A good boss knows how to be a facilitator — to help employees learn, grow and move forward. Most of us have experienced supervisors who are more concerned with their own success than that of their subordinates, a short-sighted vision at best. Effective leaders learn to delegate, support and encourage all team members.
I'm good at the supporting and encouraging part of this equation, but I think I fail as a delegator. I don't know if it's a lack of trust or my own control issues that get in the way of delegating, but I have never really learned to let go.
Good teachers also know the difference between facilitating and enabling. A teacher can talk and talk and talk, but most students need, in one way or another, to figure things out themselves. In this NY Times post, students were asked who were their best teachers and why. Over and over, responses included teachers who had high expectations and who encouraged independent thinking and learning.
But perhaps the arena where the difference between facilitation and enabling is seen most clearly is parenting. If you are a parent, you know that it is usually easier to do something yourself than to let your children to do it. Just think back to the last time your young child "helped" you fold the laundry or cook dinner or shovel the walk. If you're like me, your fingers itched and you had to swallow your offer of: "Here, let me do it." But that kind of restraint is essential for effective parenting, because we all know children who have been "over-enabled"; they're called brats.
Each child has different expectations of what constitutes parental help. My daughter has always been an "I'll-do-it-myself" kind of kid. I can't count the hours wasted when I butted in trying to help her, only to have her rip off her tights (for example) and begin again. "I do it myself" was practically her theme song. Despite sticking my nose in many times where it didn't belong, her innate independence has turned her into a highly motivated, successful young adult. She can be snappish, but she gets things done, and I think the art of delegation is going to take her a long time to master.
Her twin brother, on the other hand, has always welcomed any and all help. These babies were born at 24 weeks, and the boy's size and development lagged far behind his sister's for many years. There were things he could do and things he couldn't, but he was, and is an easy-going, lovely human being, graciously accepting any favor, large or small. I have never once heard him say "Let me do it myself."

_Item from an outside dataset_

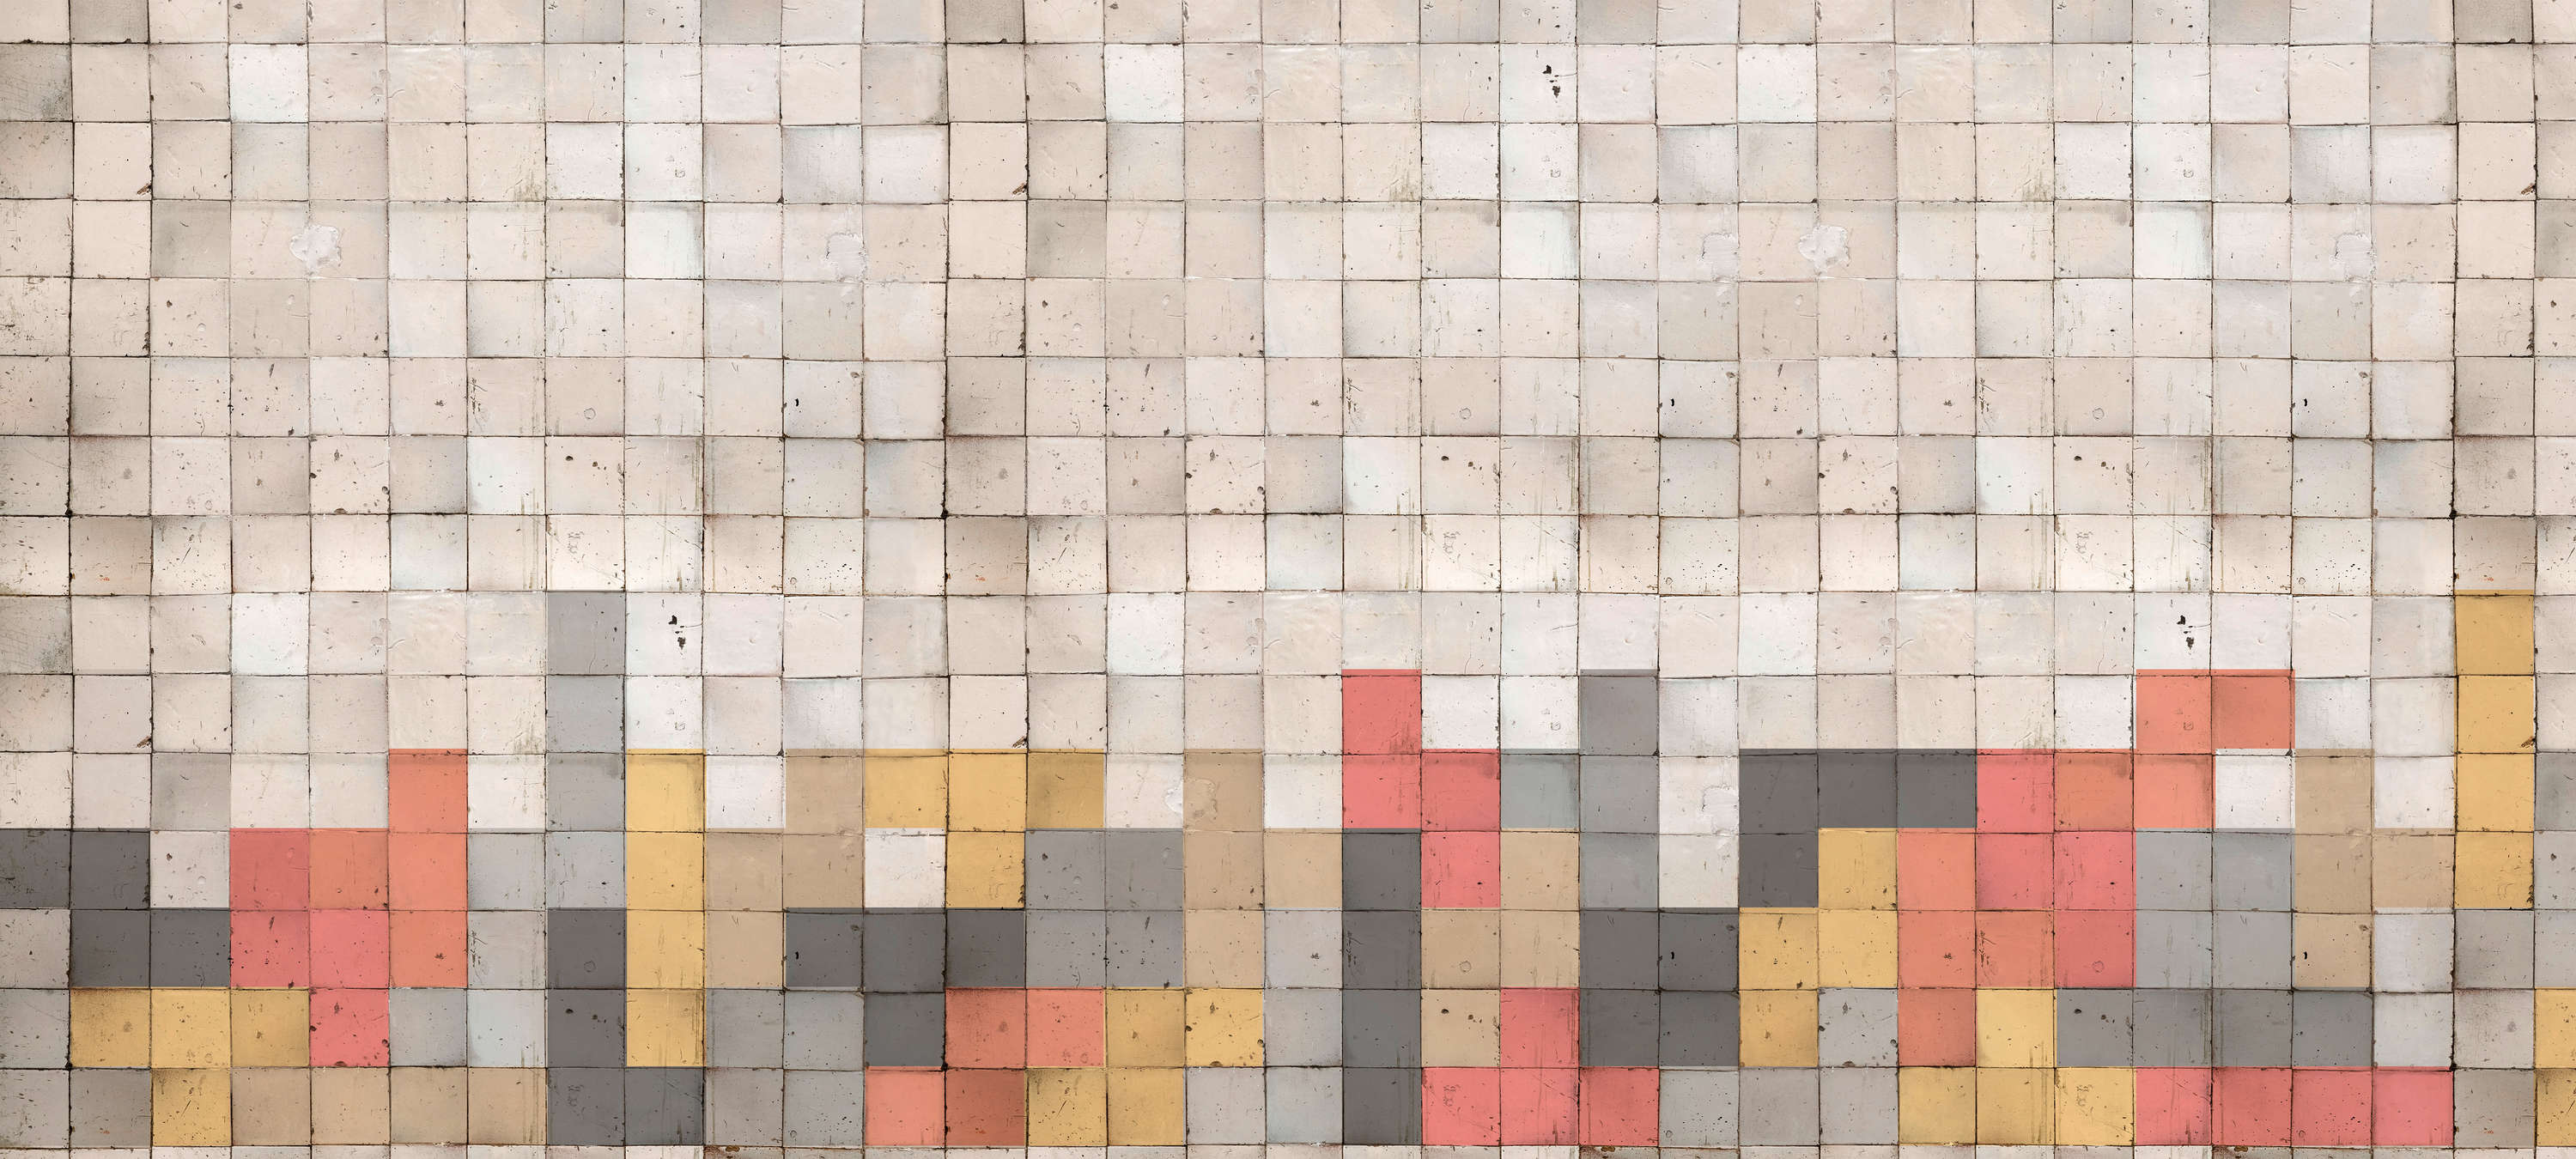             Carta da parati a mosaico con motivo a blocchi di cemento - Grigio, arancione, giallo

When the twins were four, I learned about something called "assumed disability", which often goes hand in hand with an actual disability. With assumed disability, we assume that because someone cannot do one thing, they cannot do something else. From the beginning, my son had two loving, willing females to take care of him, and it took me a long time to figure out we weren't doing him any favors. One day, I heard myself ask the girl to go get her shoes and put them on; then I asked her to get his shoes so I could help him put them on. The bell finally rung and that poor boy's life has never been the same.
But the line between facilitating and enabling a child (especially one with disabilities) is a tricky one, serpentining across the sands of childhood, moving and changing while you're not looking. What is facilitating one day is enabling the next, and staying on top of that moving line takes constant vigilance.

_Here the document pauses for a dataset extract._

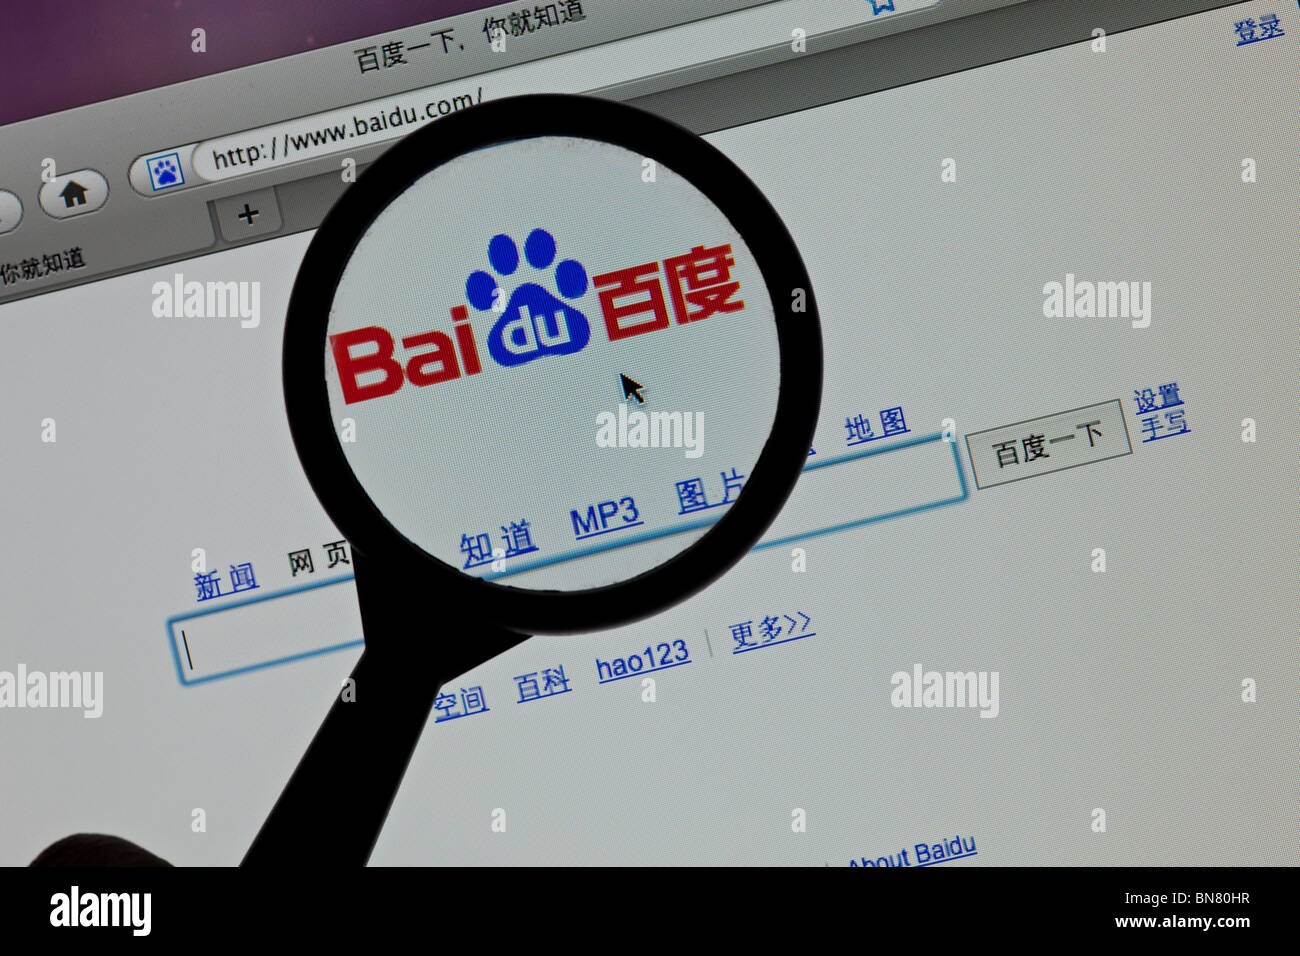 Le moteur de recherche Baidu site web avec loupe Banque D'Images

I wish I had been better. I wish I had devoted more time, been stricter and demanded more. I wish I had worried less about his happiness and more about his independence. (Notice that I say this with perfect 20-20 hindsight.) Now the line between facilitating and enabling is a dotted one, and I'm not at all sure how to help him make the right connections. I feel lost, hamstrung by his age, the law and my own expectations.
Don't get me wrong. I've taught him many of the skills necessary for independent living: he does his own laundry, is a pretty decent cook and can get around on public transportation. But his ability to think things through from start to finish or to anticipate are impaired. Is it possible to teach common sense?
I know (hope, believe) that if he could find his passion, the independence would follow. But can you facilitate passion? Can you even enable it? I don't think so. This is just one of those things he's going to have to do himself. And I'm going to have to learn to let him.